El Tribunal Constitucional (TC) dejó ayer desarbolada la ley autonómica catalana, aprobada en 2012, que imponía un impuesto sobre los depósitos bancarios. El TC sostiene que las autoridades catalanas se han extralimitado al crear un tributo que es idéntico a otro, de carácter estatal, que ya está vigente, lo que es contrario a la Carta Magna.
Lo cierto es que la existencia de ese gravamen del Estado ha sido el mejor antídoto para evitar que impuestos de esta naturaleza se extendieran aún más en el mapa autonómico español, ya que no sólo Cataluña lo aplica.
Lo consiguió en varias fases. En la primera, el tributo creado por el Gobierno del presidente Aznar tenía un tipo impositivo nulo; su único afán era hacer que toda región que se empecinara en gravar los depósitos tuviera que inhibirse por incurrir en doble imposición. El tipo cero fue uno de sus puntos flacos; de hecho, regiones como Valencia recurrieron a los tribunales alegando que un impuesto que nada recauda es nulo por sí mismo y no hay doble imposición.
El Gobierno supo responder, en 2013, elevando el gravamen al 0,02% y, más tarde, al 0,03%. Lo recaudado, además, fue repartido entre las autonomías afectadas por el tributo disuasorio (sólo este año obtendrán 275 millones), de manera que tampoco podían alegar que se les estaba privando de una vía de obtención de recursos en plena crisis.

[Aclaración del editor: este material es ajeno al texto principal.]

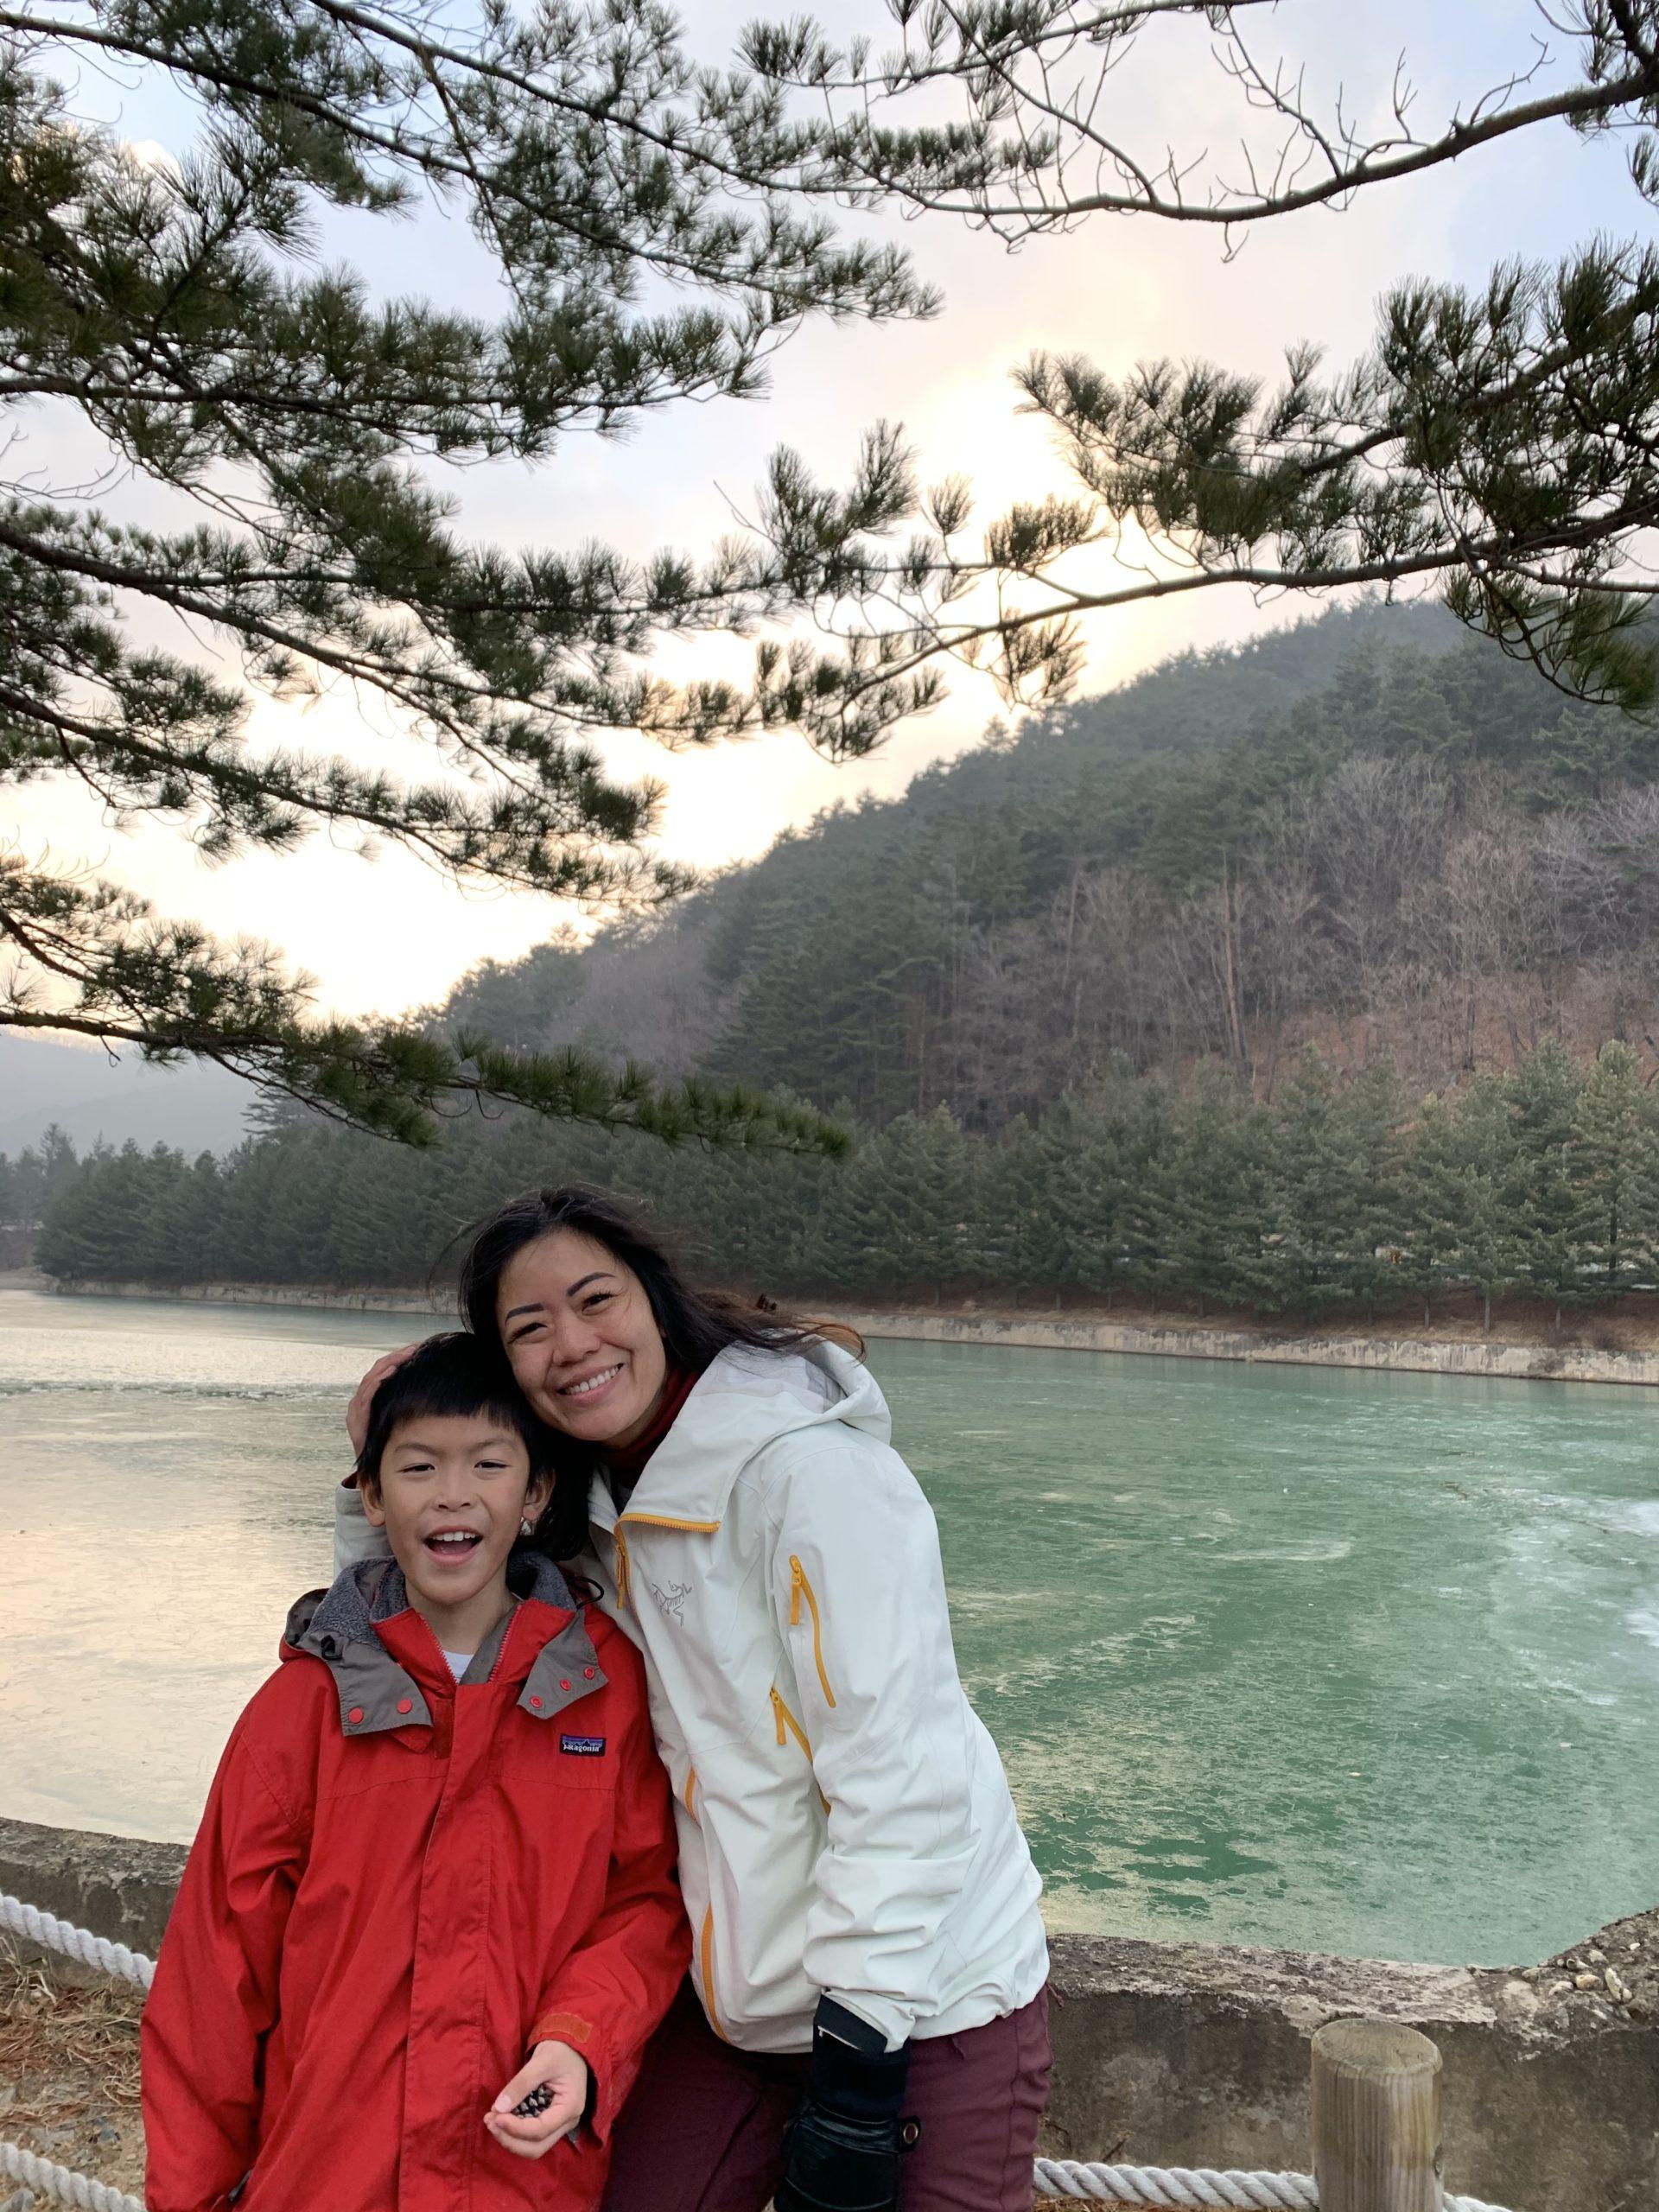 Frozen lake in PyeongChang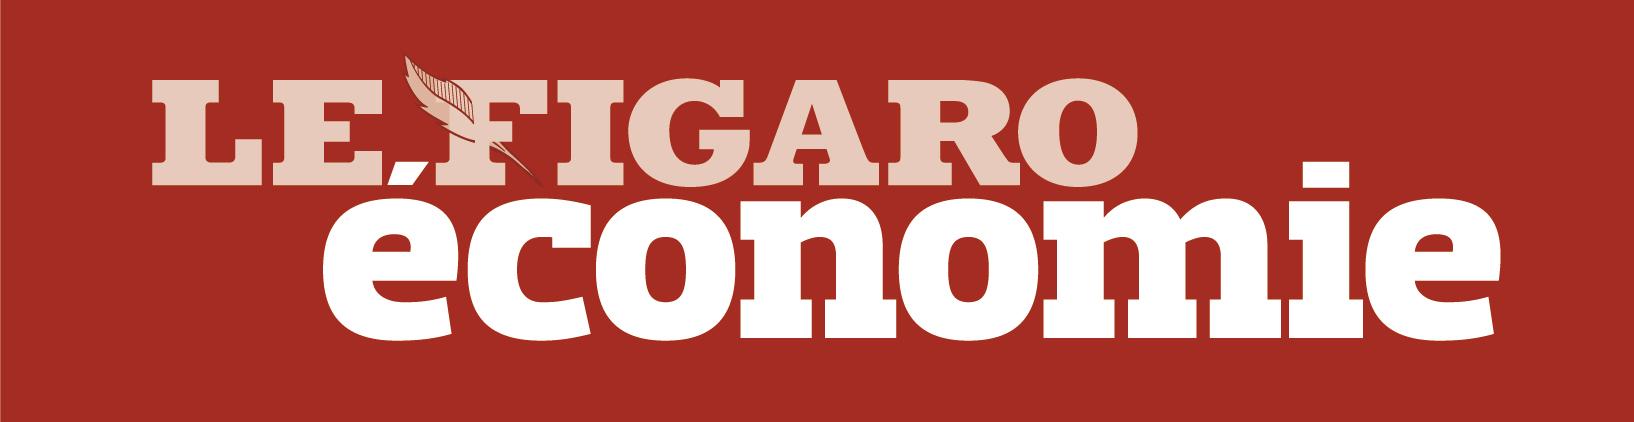 LOGO-FIGARO-ECO

Sin embargo, el círculo se estrecha realmente con la última sentencia del TC que no sólo avala el impuesto estatal, sino que delimita su ámbito de aplicación como competencia exclusiva de la Administración central. Se establece así un cerco necesario a la proliferación de impuestos autónomicos y, en general, se desactiva un gravamen que perjudica no sólo a bancos sino también a depositantes.